What you need to do —
Print the data below exactly, but only the lines from the one containing "10 x Irwin handsaws" down to the one containing "A British &", inclusive.

Data for review START

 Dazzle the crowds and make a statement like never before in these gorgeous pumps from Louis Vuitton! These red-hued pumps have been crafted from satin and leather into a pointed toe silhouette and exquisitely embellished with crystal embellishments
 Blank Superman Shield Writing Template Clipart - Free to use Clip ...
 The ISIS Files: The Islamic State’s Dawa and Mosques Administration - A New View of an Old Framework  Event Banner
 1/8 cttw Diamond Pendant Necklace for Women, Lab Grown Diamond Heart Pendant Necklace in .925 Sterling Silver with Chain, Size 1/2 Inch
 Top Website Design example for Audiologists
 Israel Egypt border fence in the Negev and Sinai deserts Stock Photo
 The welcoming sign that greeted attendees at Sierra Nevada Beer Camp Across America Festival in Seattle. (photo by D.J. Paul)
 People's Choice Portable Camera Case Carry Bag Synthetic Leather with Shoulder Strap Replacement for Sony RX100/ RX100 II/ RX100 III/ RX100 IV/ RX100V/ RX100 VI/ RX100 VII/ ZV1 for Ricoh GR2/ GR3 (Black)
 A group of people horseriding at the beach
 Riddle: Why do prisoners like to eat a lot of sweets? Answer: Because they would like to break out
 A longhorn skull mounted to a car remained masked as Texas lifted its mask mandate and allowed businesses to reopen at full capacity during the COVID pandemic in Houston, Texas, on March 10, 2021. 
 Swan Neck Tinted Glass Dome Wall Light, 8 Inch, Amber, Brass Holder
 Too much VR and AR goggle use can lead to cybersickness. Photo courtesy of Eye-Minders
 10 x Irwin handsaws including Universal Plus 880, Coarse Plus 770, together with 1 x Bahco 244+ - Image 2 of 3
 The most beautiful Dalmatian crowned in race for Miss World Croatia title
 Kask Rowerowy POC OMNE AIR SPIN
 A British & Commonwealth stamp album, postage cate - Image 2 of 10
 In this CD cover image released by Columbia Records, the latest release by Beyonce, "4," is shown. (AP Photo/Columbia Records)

Data for review END

Solution to the exercise —
 10 x Irwin handsaws including Universal Plus 880, Coarse Plus 770, together with 1 x Bahco 244+ - Image 2 of 3
 The most beautiful Dalmatian crowned in race for Miss World Croatia title
 Kask Rowerowy POC OMNE AIR SPIN
 A British & Commonwealth stamp album, postage cate - Image 2 of 10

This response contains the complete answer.